Ok, Im sure most of yall already know what Im about to do and say, but just working thru my thoughts as I investigate and post. I did a little more trouble shooting today, drilled out the the rivets on the back, pulled the panel. A little bit of smoke intrusion but not bad. No corroded or burnt connectors.












Turn the unit over to remove the bottom panel, drill out the rivets, but one of the threaded inserts spun inside the unit and was unable to remove lower panel, but no need as the board is accessible without complete removal. A little bit of corrosion but overall not bad.











Pulled the cover, inspected. All connectors to be good, no corrosion, no burn.



















So I study the wiring to see whats going on.... So I check things out from the beginning. Check voltage coming from the cord, white to the panel, black to the relay, 120v, all good.  Check voltage again the element, 18v, no bueno.  The red wire to the element comes from the relay. The black wire to the element comes from the thermostat. The thermostat is fed power via the blue wire which gets power from the panel and connected to white wire from the cord. So I check the voltages there. When the unit is unplugged, 0v. Plugged in, 1v. Turned on, 4v. And when the controller is set to temp and calling for signal, the relay engages and the blue wire sees 120v. Okay, Ive got voltage to the thermostat.  Check voltage on other side of thermostat, which is the wire that feeds the element, 9v. Check the input again, 120v, output 9v.  So it seems that the thermostat is shot. That is making the logical assumptions that the relay acts a switch when the unit calls for power and the thermostat acts as a switch and is closed until the temp is reached and then the switch is open. It seems the thermostat (switch) is in a constant open or is damaged internally so that it is not making full contact.  I tapped with a screwdriver a few times to "loosen" up anything inside, no bueno.  Remove the t-stat , it has some corrosion, but doenst SEEM bad.  So i guess that I need a new thermostat.  This is confirmed when i bypassed the thermostat and hooked the blue wire directly to the element. When the unit is off, nothing. When the controller calls for signal, since there is 120v between the red relay wire, and the blue wire going to the t-stat, well then the element heats up and works as it should, albeit in a constant on situation. At least I got it narrowed down to what the culprit is, now off to find a replacement t-stat.  Between some pitting on the t-stat and my old eyes, it appears to be KSD 301   250v 10A   150*C.   I think this would be a simple fix and i should be back in business shortly, but would be interested to see what some of you guys have done with the PID, anybody got a link?


----------



## bill1 (Dec 19, 2020)

dernektambura said:


> ...give a couple good wacks on top of the relay...

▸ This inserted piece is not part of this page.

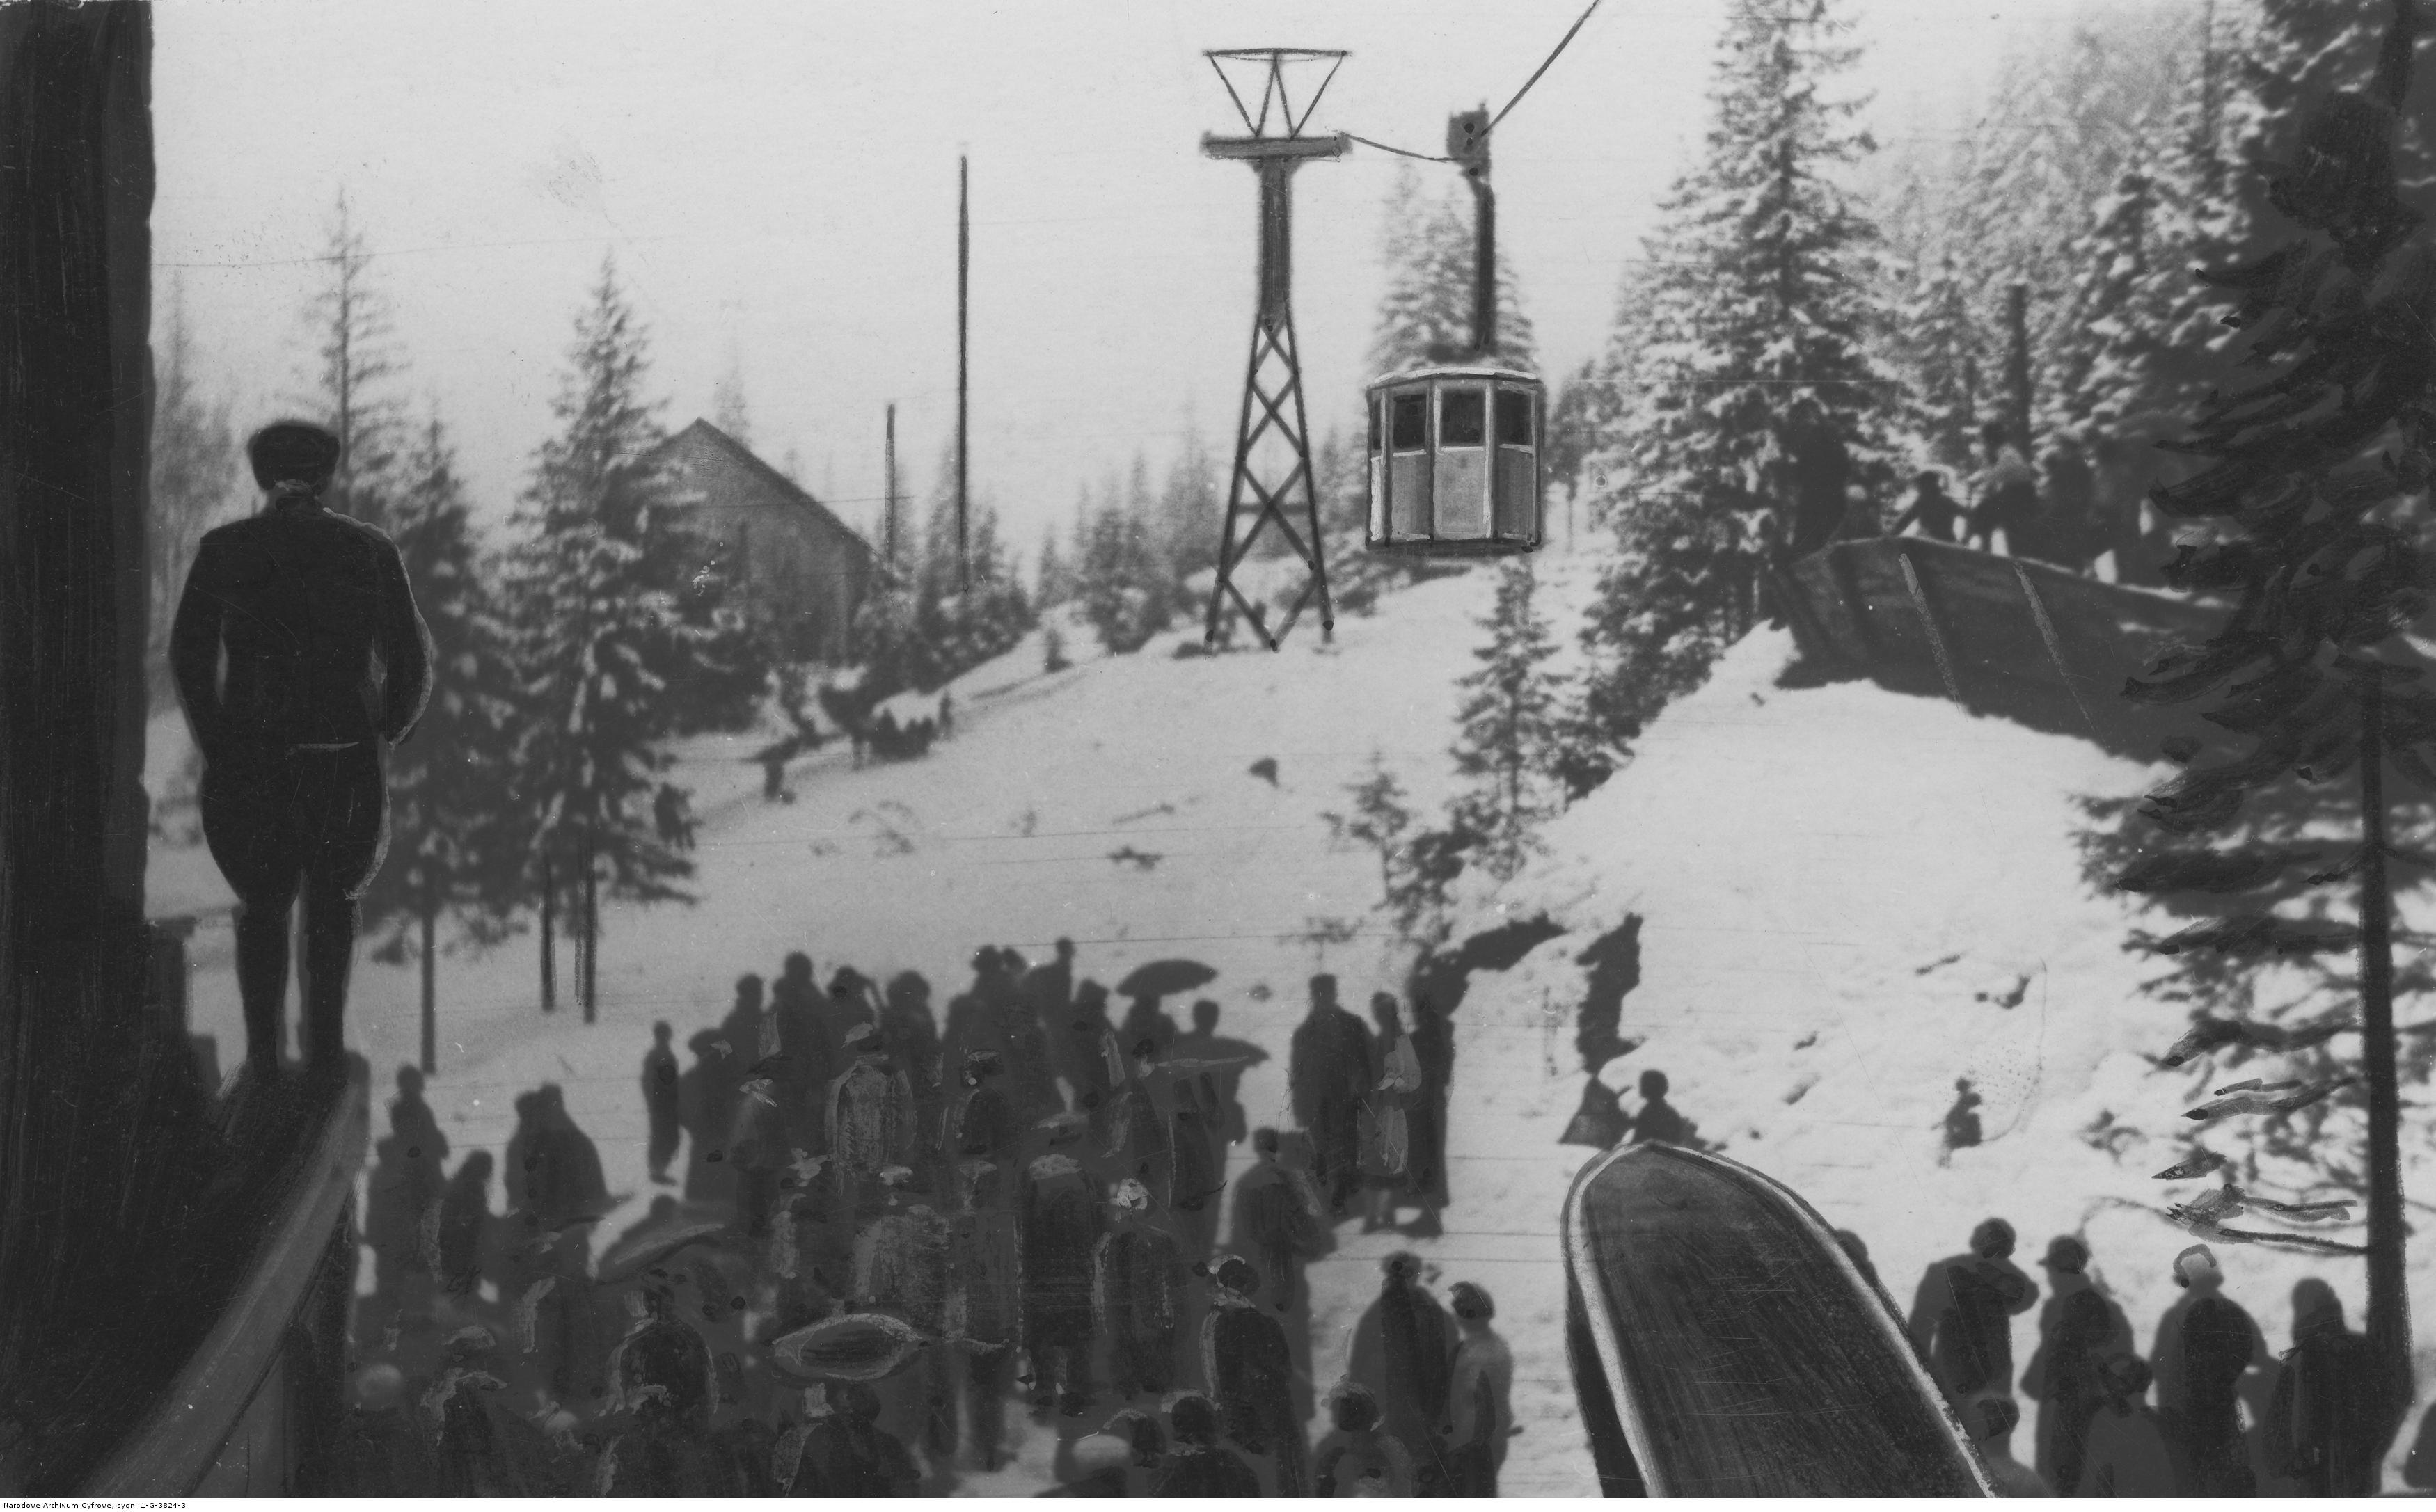 Jazda próbna kolejki linowej z Kuźnic na Kasprowy Wierch, wyjazd pierwszego wagonika z pasażerami ze stacji początkowej. Źródło: NAC.
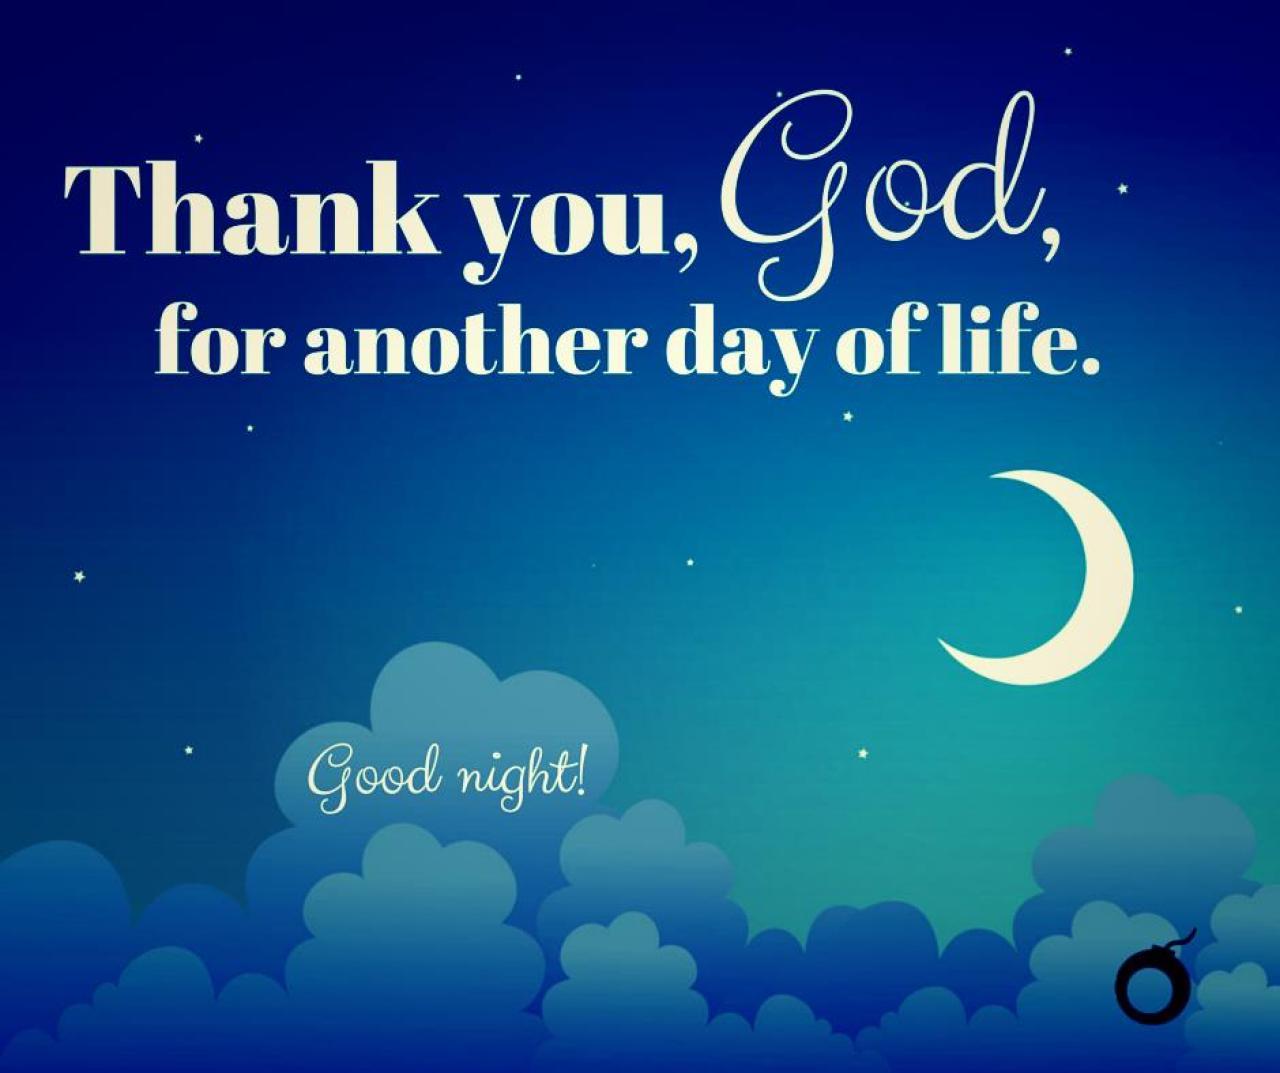 Great Wallpaper Night God - _v\u003d1479948732  2018-799799.net/gallery/image/gallery_image/11250/1280/_v\u003d1479948732

KJNdiver, this can't hurt and if it's an electromechanical relay may make a difference.  From pics folks have posted here, the relay is a black plastic case part, about 1" square.  If it sticks above the board a full inch or so, then it's probably electromechanical; if only a quarter inch high then it's probably a solid-state relay which  when broken is pretty much unrecoverable.  
But where are you getting readings that you're attributing to  the relay/control voltage?  As I recall how that board is mounted it would be hard to measure this without removing the board.  Most relay failures don't result with the coil voltage ending up on the output contacts.   
Dernek is right that there's enough confusion here that you maybe didn't need a new element.  So have you installed it yet?  If so we'll assume that's a done deal and that part can be assumed good.  Then the question becomes, what symptoms or measurements have you done since then?   If you haven't installed it yet, we'll assume you might want to get a refund so lots of folks (e.g. Dernek) more knowledgeable about this unit than I can help you trouble-shoot it.  
And if you're getting bored with trouble-shooting, buying an" inkbird" or equivalent controller  bypasses all the MB electronics (including relay board) and puts that all in a new, reasonably-priced external unit.  Whether that is an unacceptably ugly fix or a cool modification is up to you but with a new element that is pretty much a guaranteed-successful approach.


----------



## dr k (Dec 19, 2020)

I picked up a free Mes 30 Gen 1 on FB Marketplace this summer and when I plugged in it beeped and the green power light came on. I set the temp and time and the relay on the bottom PCB clicked and red heating light came on but no heat. I use an Auber PID on my Mes 40 Gen 1 and have a spare power cord with lugs soldered on the hot and neutral wire to connect directly to the element as a back up power source since I did the rewire, using what was in the Mes. I unplugged the smoker, took off back bottom element access, disconnected the element wires and hooked up the power cord to the element and wrapped the stripped green ground around an access screw and tightened to ground the chassis. I checked continuty between the hot neutral plug and each to the back of the smoker and then continuity from the ground plug prong to the back of the smoker so all was in order, then plugged it in and it started heating. Unplugged I cut an access in the back panel with a dremel cut off wheel to get to the over temp switch junction box and removed the two screws inside the smoker to remove the cover. One lug was disintegrated and the entire area was rusted out and had to have been hosed out or pressure washed. I cut the other connected wire, stripped each to new wire and put a wire nut on them and hooked up the Mes back to its standard set up and ran a few cycles before unplugging and closing up the new access I made with the sheet metal cut out piece and aluminum tape. That spare power cord connected directly to the element and ground wire to an access screw is a good tool in itself to test elements that short when hot in a gfci. When the gfci trips unplug and check continuity from the plug to the back of the smoker.


----------



## KJNDIVER (Dec 19, 2020)

bill1 said:


> KJNdiver, this can't hurt and if it's an electromechanical relay may make a difference.  From pics folks have posted here, the relay is a black plastic case part, about 1" square.  If it sticks above the board a full inch or so, then it's probably electromechanical; if only a quarter inch high then it's probably a solid-state relay which  when broken is pretty much unrecoverable.
> But where are you getting readings that you're attributing to  the relay/control voltage?  As I recall how that board is mounted it would be hard to measure this without removing the board.  Most relay failures don't result with the coil voltage ending up on the output contacts.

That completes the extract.